Menurut Hergun, PSBB ini kan sejak awal menjadi polemik. Banyak yang menilai kebijakan itu tidak akan efektif karena filosofinya kan hanya membatasi aktivitas masyarakat. Tidak serta merta bisa melarang. Bahkan pemerintah terkesan ingin menghilangkan tanggungjawabnya memenuhi kebutuhan pokok masyarakat terdampak kebijakan PSBB.
“Berbeda dengan Karantina Wilayah, hak dan kewajiban warga dan pemerintah jelas diatur dalam UU Nomor 6 tahun 2018 tentang Kekarantinaan Kesehatan. Begitu satu kawasan dikarantina, pemerintah wajib memenuhi kebutuhan pokok warga dan makanan ternak selama status itu berjalan,” tandas Anggota DPR RI Komisi XI Heri Gunawan.
Karena PSBB yang dipilih, dan belakangan mulai diperketat seperti melarang orang untuk mudik, operasional bandara dari zona merah disetop, kita harapkan upaya mencegah penyebaran virus ini bisa lebih efektif dari sebelumnya.

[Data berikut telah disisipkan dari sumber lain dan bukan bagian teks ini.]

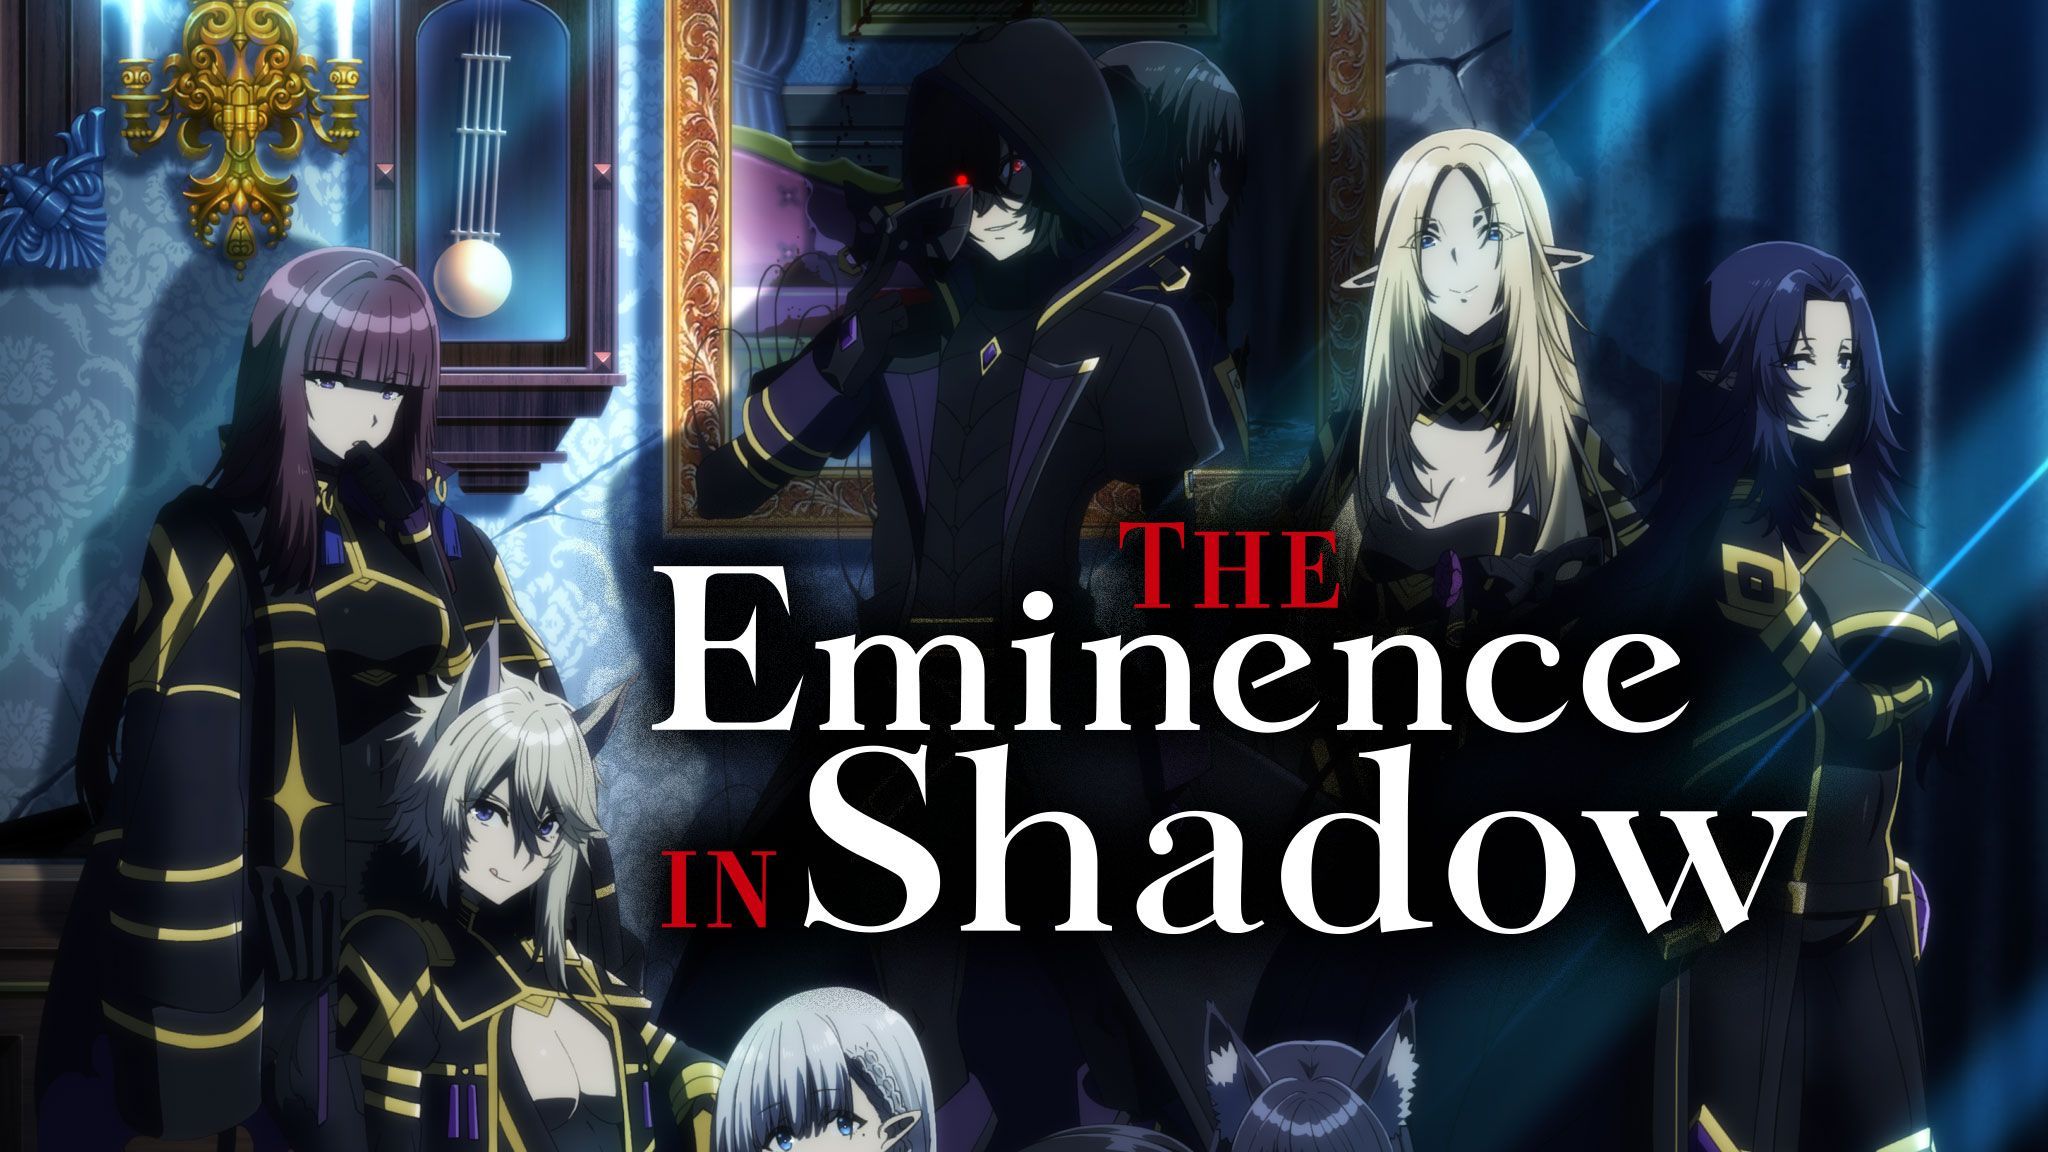 The Eminence In Shadow  Season 2 - English Dub Trailer : r/Animedubs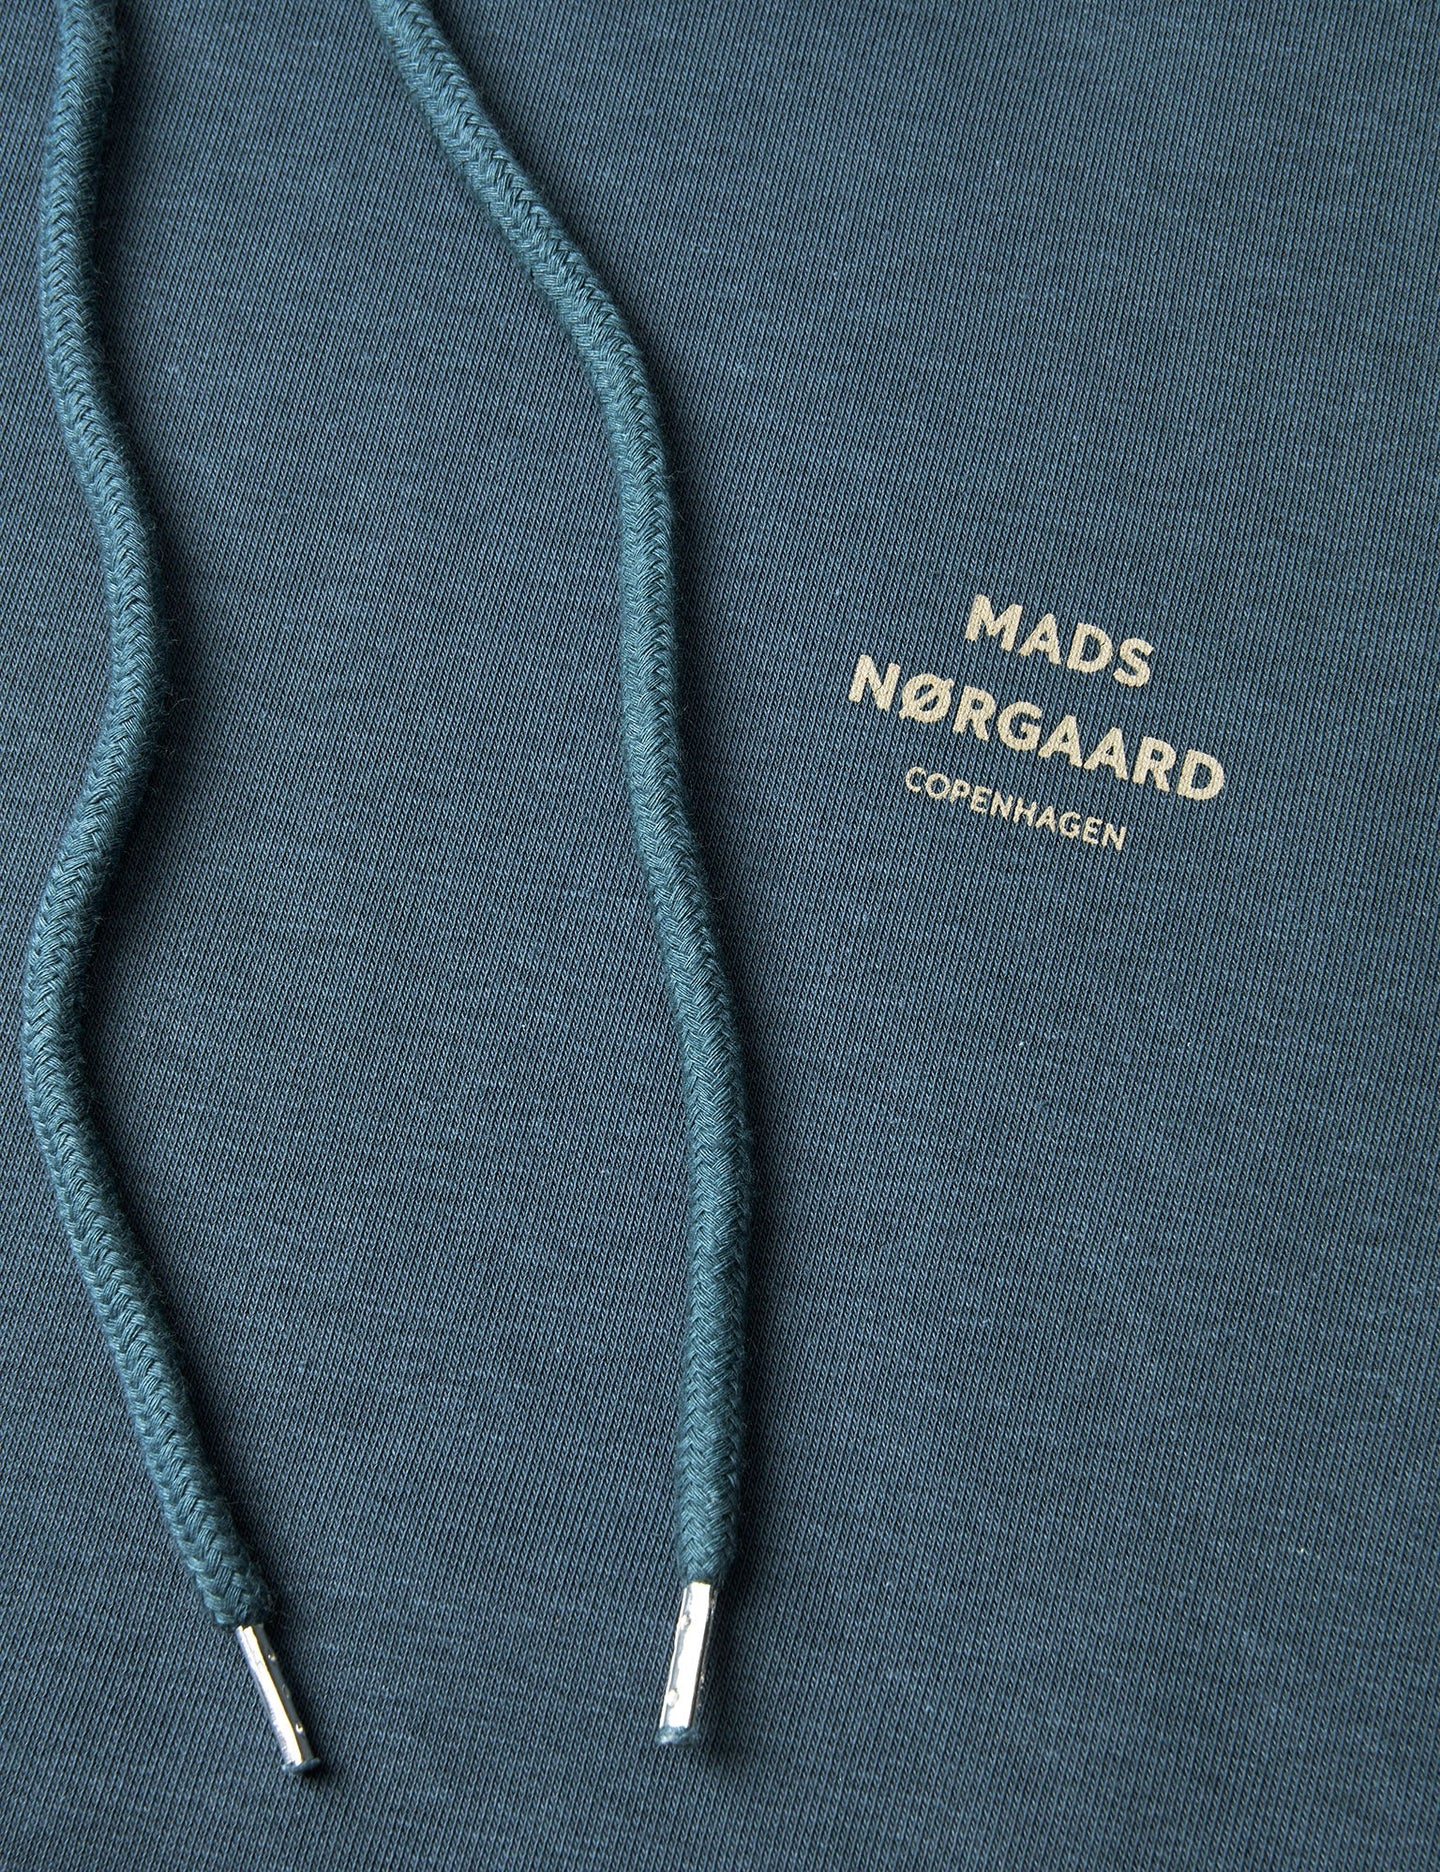 Mads Norgaard Hoodie Logo Sweat Donkerblauw Heren

“Walaupun kita tahu masih banyak masyarakat yang belum sepenuhnya mematuhi berbagai pembatasan itu, seperti larangan mudik, karena tetap saja orang sudah pulang kampung lebih awal sebelum pelarangan efektif dilakukan,” paparnya.
“Saya menyarankan, PSBB ini dievaluasi efektivitasnya. Kalau ternyata tidak efektif dalam beberapa hari ke depan, sebaiknya opsi Karantina Wilayah perlu disiapkan. Tentu dukungan anggarannya juga perlu dihitung. Termasuk daerah2 mana saja yang mau dikarantina total,” jelasnya.
Yang harus diperhatikan, sembari evaluasi dilakukan, pemerintah harus memonitor kondisi masyarakat akibat PSBB, terutama yang betul-betul terganggu ekonominya.
“Jangan lagi ada berita orang mati kelaparan akibat PSBB Covid-19. Ini harus jadi perhatian serius dari pemerintah baik pusat maupun daerah,” pungkasnya.